Come ricordato in apertura di questo contributo, le due accademie alle quali Ruffini era maggiormente legato hanno organizzato delle celebrazioni per il bicentenario della morte, nelle quali il lavoro storico e archivistico – in particolare di Francesco Barbieri e Franca Cattelani Degani – ha avuto un notevole riscontro. A Modena si è svolto nel mese di luglio un evento di carattere divulgativo rivolto a un pubblico ampio, affiancato da un’esposizione di documenti scelti relativi ai suoi studi e alla sua carriera, comprendente anche materiali riferiti alla sua opera di medico. Complementare ad esso è stato l’incontro tenuto nel novembre successivo presso l’Accademia nazionale delle scienze detta dei XL, in cui un gruppo di specialisti ha ripercorso l’opera matematica di Ruffini, inquadrandola nel contesto dell’epoca, presentando anche le sue attività istituzionali, e dando notizie dei più recenti interventi sull’archivio.
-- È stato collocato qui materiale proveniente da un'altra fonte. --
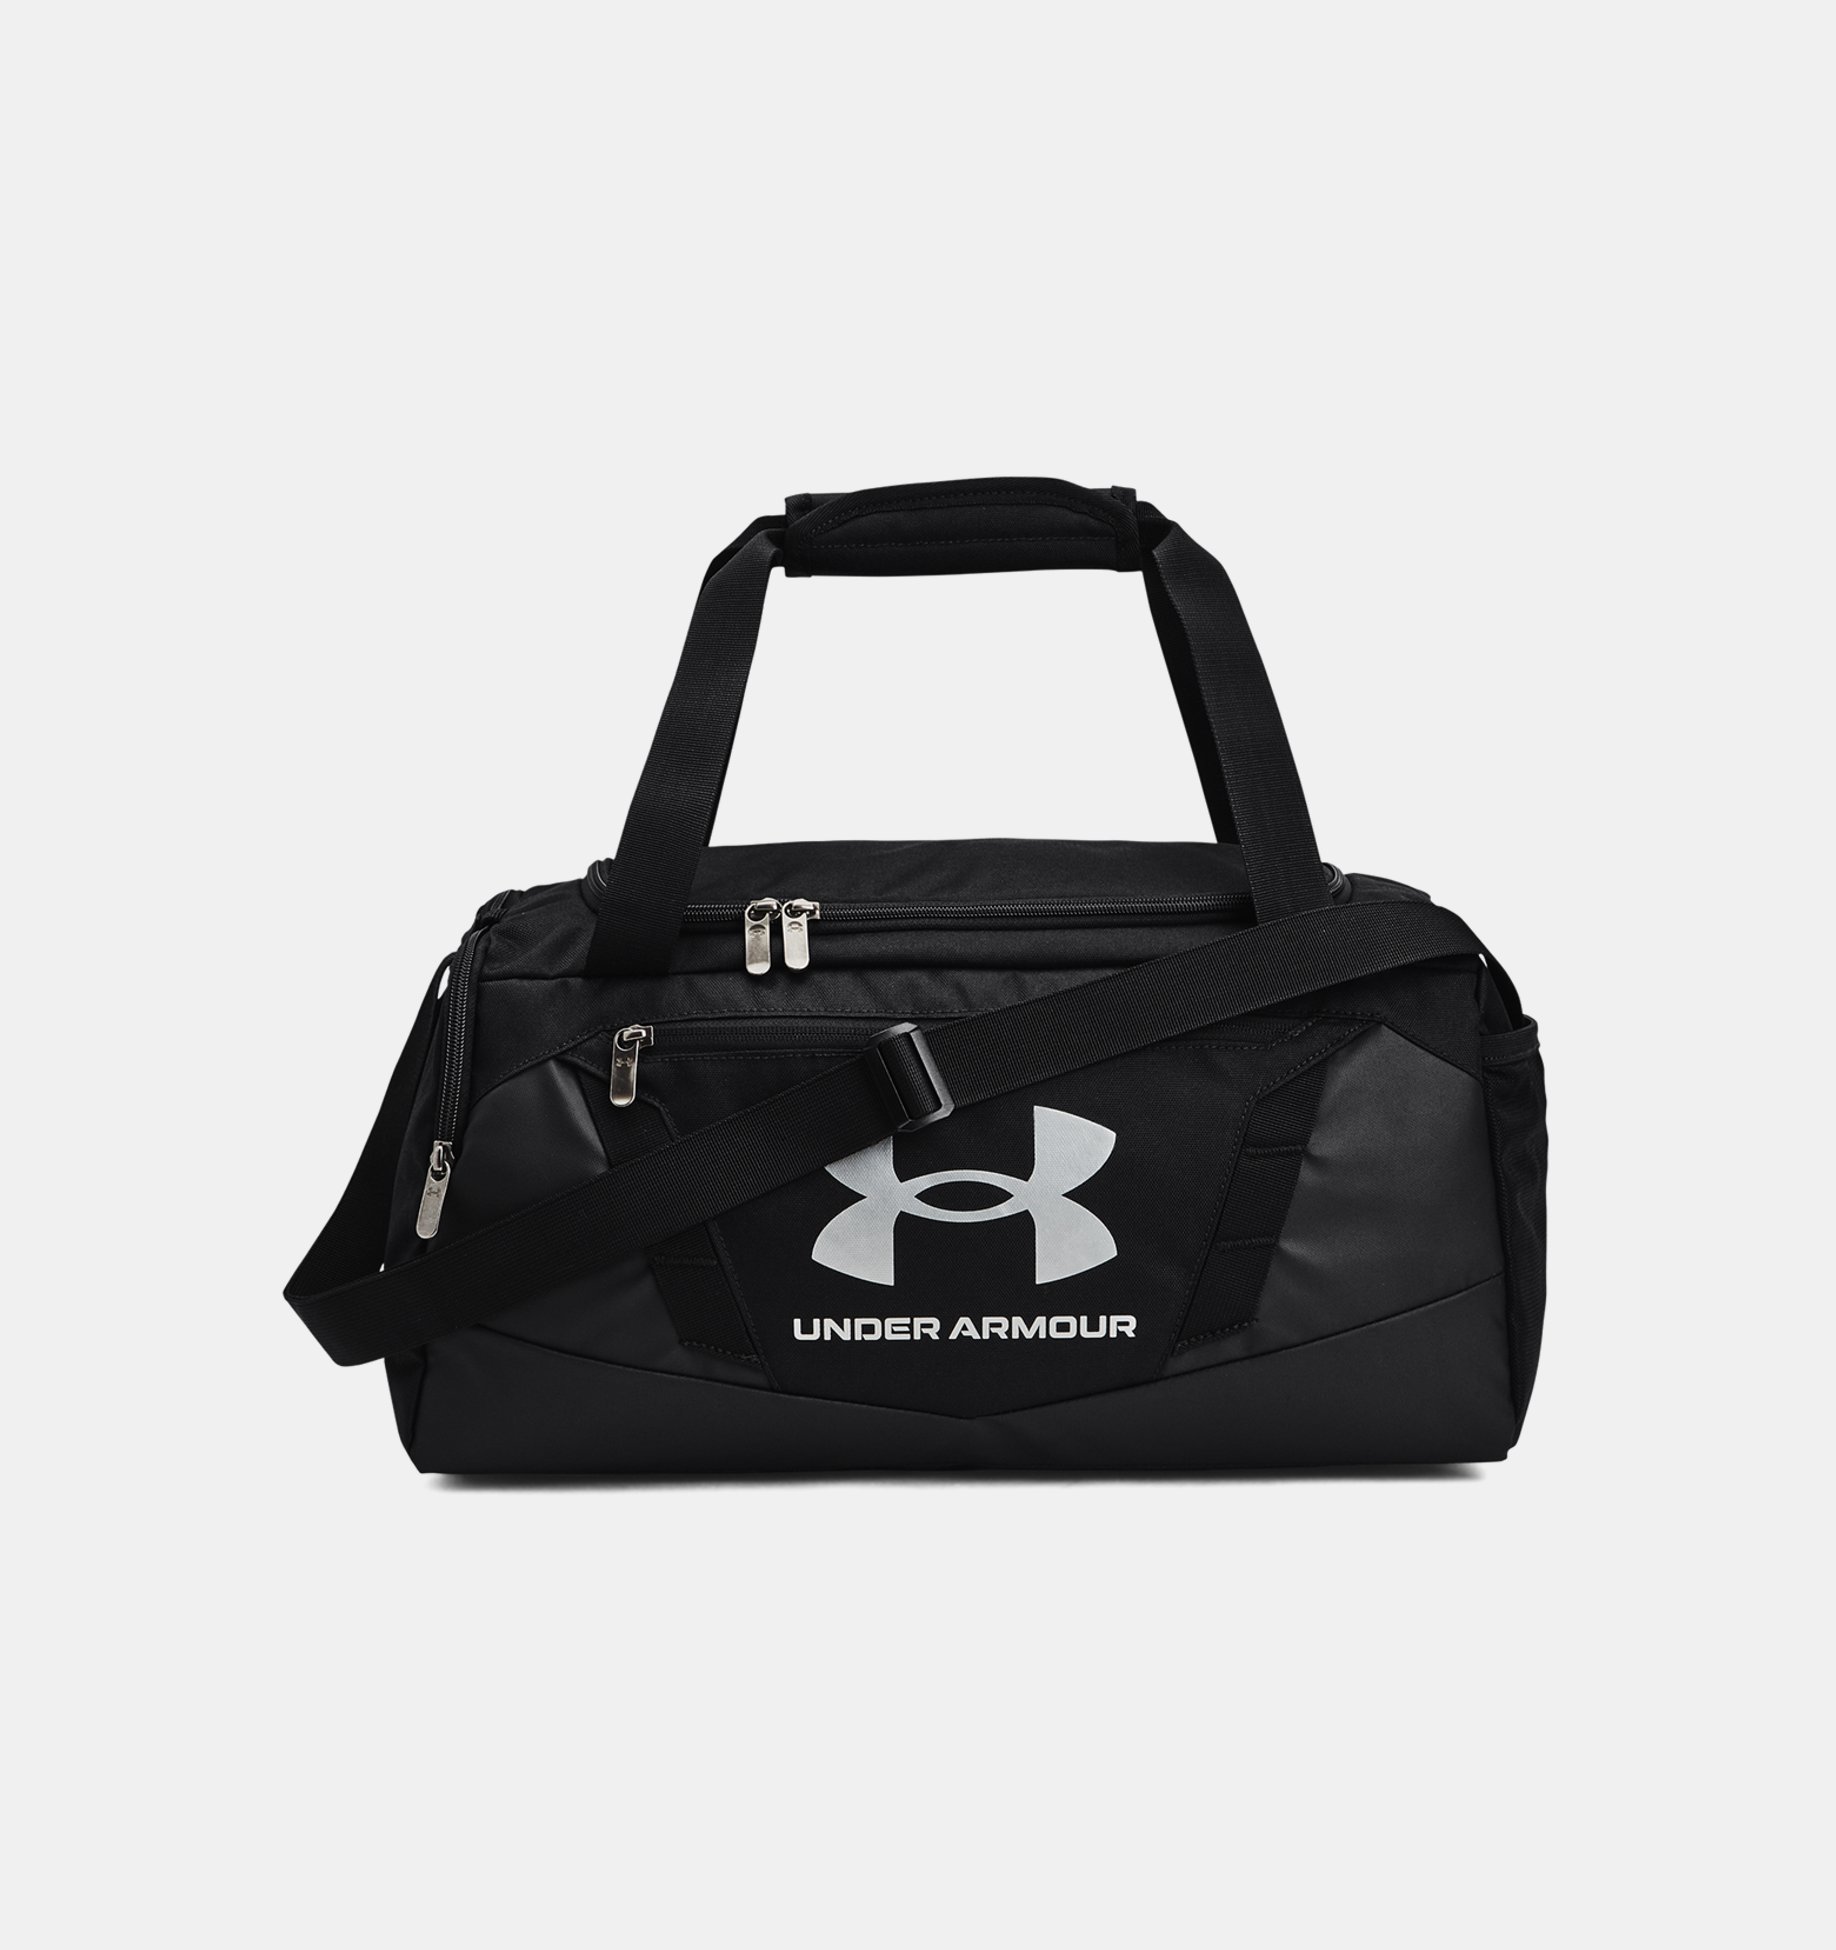 Underarmour UA Undeniable 5.0 XS Duffle Bag

In conclusione, dell’Archivio Ruffini sono state redatte nel corso degli anni almeno tre differenti descrizioni, ad opera di Donati e Favaro, di Taddei, e di Barbieri e Cattelani. Di quest’ultima, in occasione del secondo centenario della morte, si sono poste le condizioni per una diffusione attraverso la rete. Così ne scrive Franca Cattelani Degani Degani:
L’archivio di uno studioso è sempre la fonte principale per un’analisi approfondita del suo pensiero e del suo operato e per un completamento di ciò che emerge dallo studio delle sue opere a stampa. Con questa consapevolezza, nel 2022, in occasione del bicentenario della morte di Paolo Ruffini, è stata presentata al MIUR la domanda di finanziamento per il progetto di Diffusione della Cultura Scientifica: L’«Archivio Ruffini» dell’Accademia Nazionale di Scienze Lettere ed Arti di Modena: un patrimonio da tutelare, tramandare e diffondere.
Il progetto è stato approvato, e il finanziamento consentirà di realizzare la principale finalità che ci si è prefissi, ovvero la digitalizzazione ed inserimento sulle principali piattaforme web dell’intero patrimonio, con la riproduzione digitale di ogni documento accompagnata da diversi utili metadati [Cattelani Degani, 2023, p. 2].
Uno sguardo rivolto al futuro che non sarebbe dispiaciuto, probabilmente, allo stesso Paolo Ruffini.